Rector of Yogyakarta State University
- Incumbent
- Assumed office 2021
- President: Joko Widodo
- Preceded by: Margana

Personal details
- Born: March 1, 1965 (age 61) Sleman, Special Region of Yogyakarta, Indonesia
- Occupation: Academician

= Sumaryanto =

Rector of State University of Yogyakarta

Sumaryanto (born 1 March 1965) has been the rector of Yogyakarta State University since 2021. He is also known as a member of the joint independent fact-finding team formed by the President of the Republic of Indonesia, Joko Widodo, to help investigating the Kanjuruhan Stadium disaster.

== Education ==
- Doctor of philosophy (Gadjah Mada University, 2012)

== Publications ==
=== Books ===
- Aksiologi olahraga dalam perspektif pengembangan karakter bangsa (2022)
- Standar kompetensi guru pemula program studi pendidikan jasmani jenjang S1 (2004)
- Olahraga dalam perspektif mewujudkan kehidupan yang humanis (2014)

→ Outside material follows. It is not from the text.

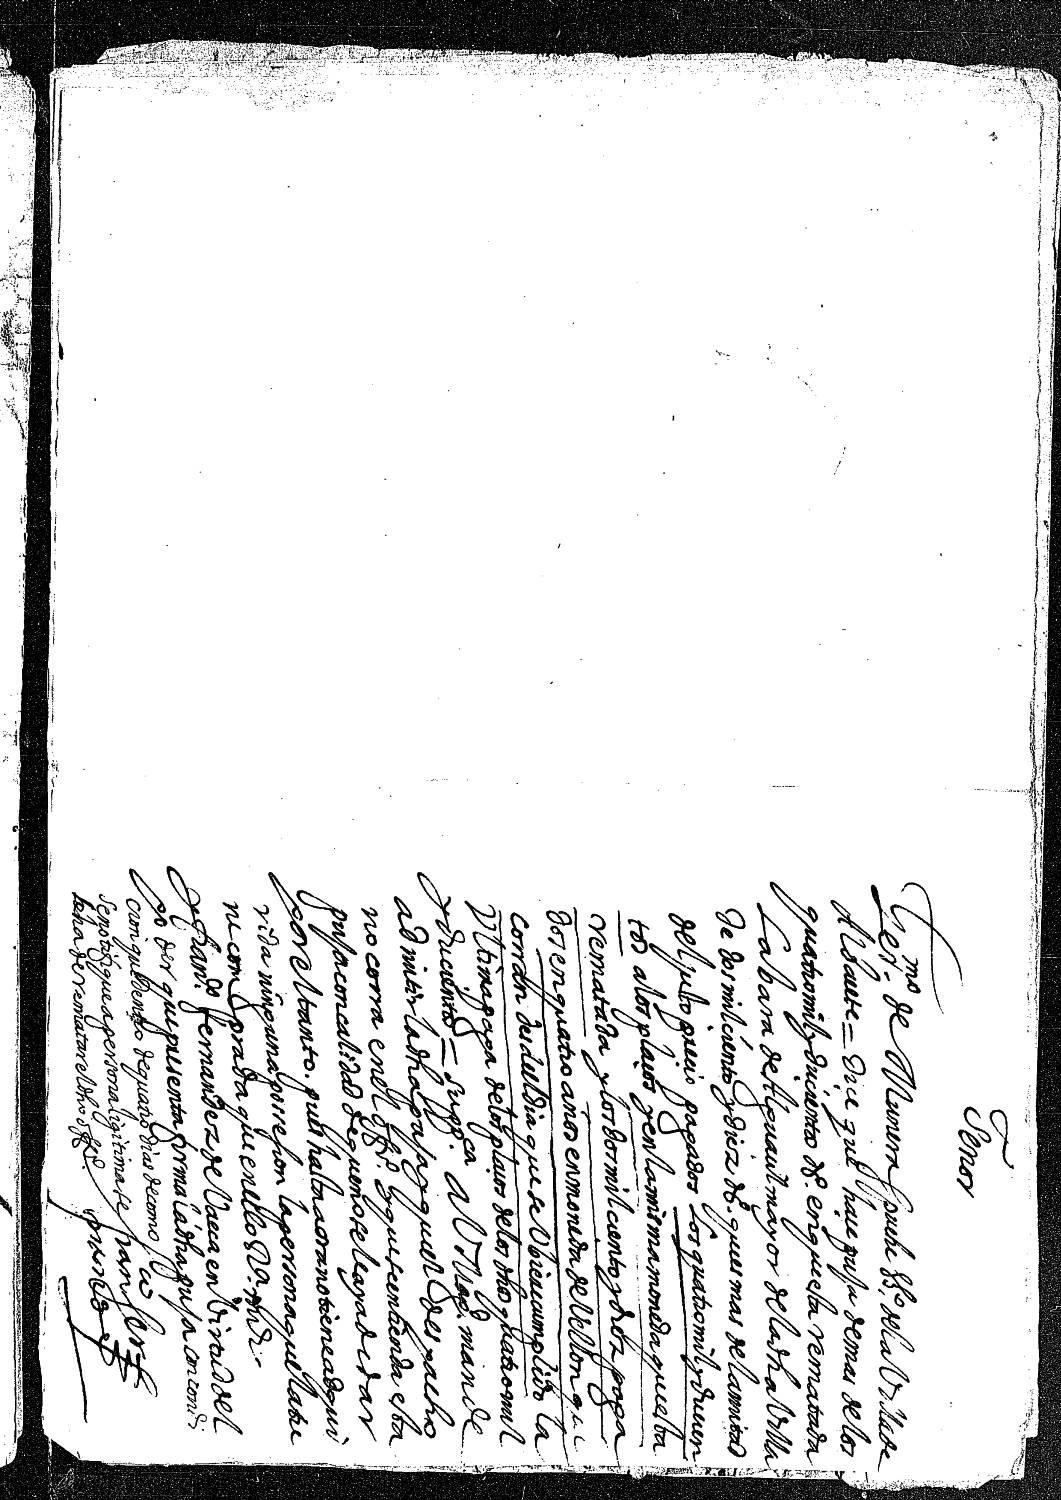 Petición de Jerónimo Munera Espuche, vecino de Albacete, solicitando al rey admita su puja por la vara de alguacil mayor de Albacete, pues la persona que la tiene comprada no tiene adquirida ninguna posesión sobre ella.
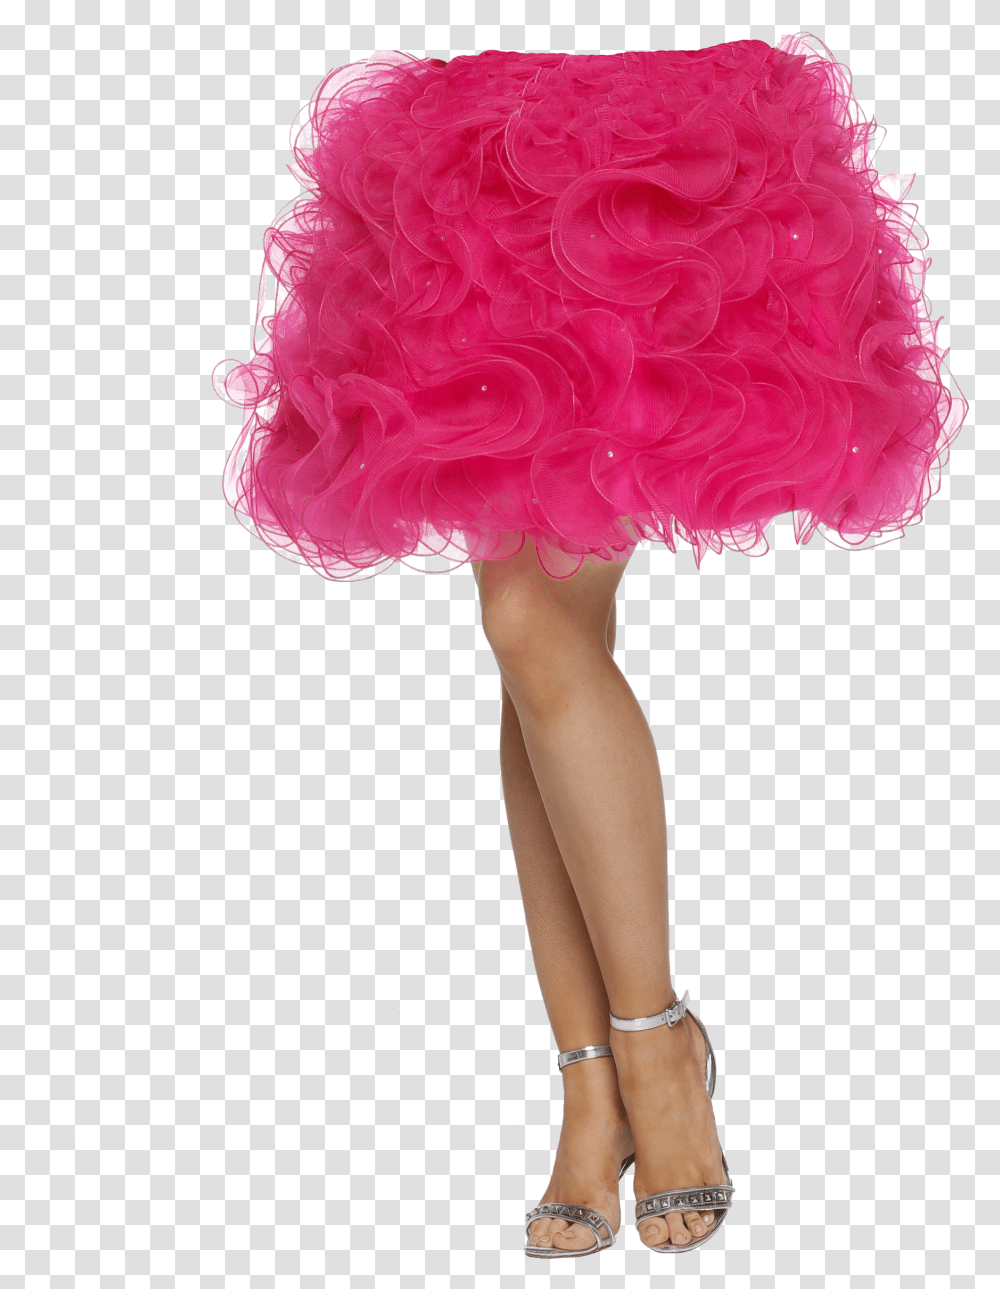 Bubble Gum Sandal Sandal, Dress, Female, Person Transparent Png

=== International publications ===
- "Does the implementation of the management function have an impact on service quality? A study at the HSC fitness center" (International Journal of Human Movement and Sports Sciences 9 (5), 1019-1028)
- "Utilization of sport performance laboratory to identify health and physical condition of the fitness members" (International Journal Humanitarian Responsibilities, Education & Sport Sciences 1 (1) 1-6)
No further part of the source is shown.